The Odd-Sided Pattern
For odd-sided prisms (triangles, pentagons, heptagons, etc.) with an edge length of a:
- Each face consists of two equilateral triangles connected by a rectangle.
- The total number of equilateral triangles needed is 2n (where n is the number of sides).
- All triangles have sides equal to the chosen edge length a.
- The height of the prism equals the height of the equilateral triangle.
The Even-Sided Pattern
For even-sided prisms (squares, hexagons, octagons, etc.) with an edge length of a:
- Each face is made of two isosceles right triangles connected by a rectangle.
- These triangular pieces form squares when paired together on each side.
- The total number of isosceles right triangles needed is 2n.
- The height of the prism equals the side length a.
Shared Properties of Even and Odd Prisms
- Each paper unit consists of a rectangle flanked by two triangles—one at the top and one at the bottom.
- The rectangle is folded along its diagonal to form the three-dimensional structure of the prism.
- The prism exists in two chiral forms, depending on whether the rectangle’s diagonal slants clockwise or counterclockwise.
- The rectangle’s diagonal represents the longest internal diagonal of the prism.
- The two sides of the rectangle form another diagonal, connecting adjacent sides of the prism (traversing from the top of one face to the bottom of the next, depending on the prism’s chirality).
Formulas Used
For a regular n-gon prism with side length a and height h:
Height Calculation
Odd n-gon: h = a × √3 ⁄ 2 (height of an equilateral triangle)
Even n-gon: h = a (two isosceles right triangles form a square face)
Circumradius of the Base Polygon
R = a ⁄ (2 × sin(180 ⁄ n))
Maximum Base Chord
Dmax = 2R × sin((n ⁄ 2) × 180 ⁄ n)
Longest Internal Diagonal of the Prism
Dspace = √(Dmax2 + h2)
Rectangle Dimensions
Side 1: a (polygon edge)
Side 2: √(Dspace2 − a2)
Reference Table: Paper Template Dimensions
Here is a PDF containing calculated dimensions for n-gon prisms with edge length a = 2 units:
Download PDF
Bringing It to Life: TurtleStitch and Silhouette
Using the dimensions from the table, I coded the prism nets in TurtleStitch, a block-based programming environment ideal for geometric design. TurtleStitch made it possible to automate the creation of these intricate folding patterns.
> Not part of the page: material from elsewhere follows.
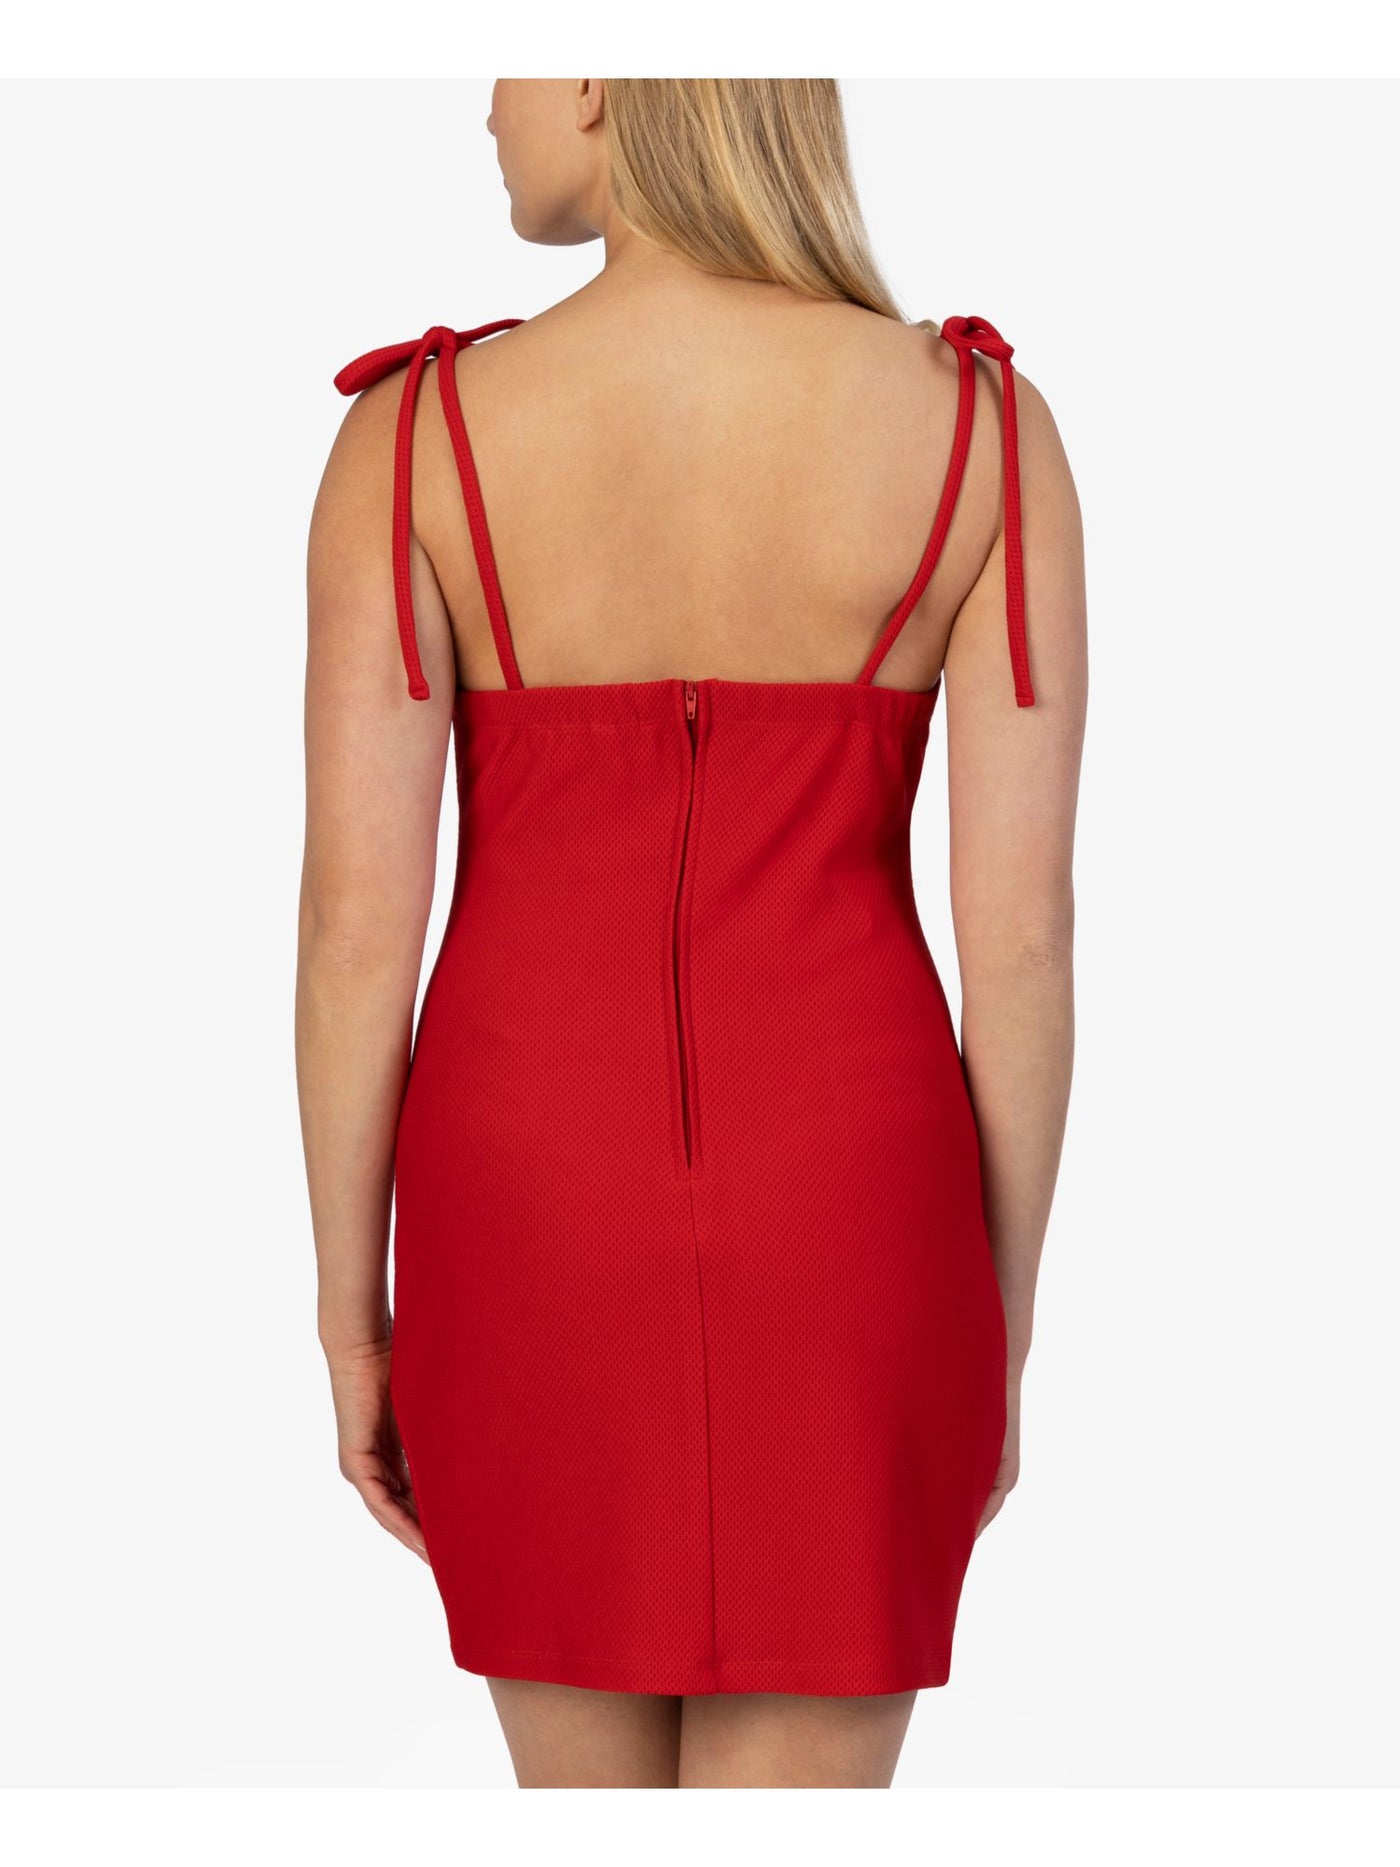 SPEECHLESS Womens Red Stretch Zippered Textured Tie Fitted Spaghetti Strap Surplice Neckline Mini Party Body Con Dress Juniors XS

I exported the designs as DXF files and opened them in Silhouette Studio software.
(Note: TurtleStitch’s DXF export doesn’t preserve scale, so resizing was necessary.)
Using the Silhouette cutting machine, I:
- Resized the nets to the desired dimensions.
- Added decorative windows to each panel.
- Cut the required number of nets for each n-sided prism.
The final results were stunning—geometric forms that twist and turn.
Taking It One Step Further with TurtleStitch
Since I now understood the necessary calculations, I generalized my TurtleStitch code to eliminate the need to consult the measurement table manually and to add the decorative window to each panel.
Here is that TurtleStitch project:
Net for N-Gon Prism
With this program, creating a prism net is simple: enter the number of sides (n) and the side length (a), and the program automatically generates a net ready for cutting with Silhouette software.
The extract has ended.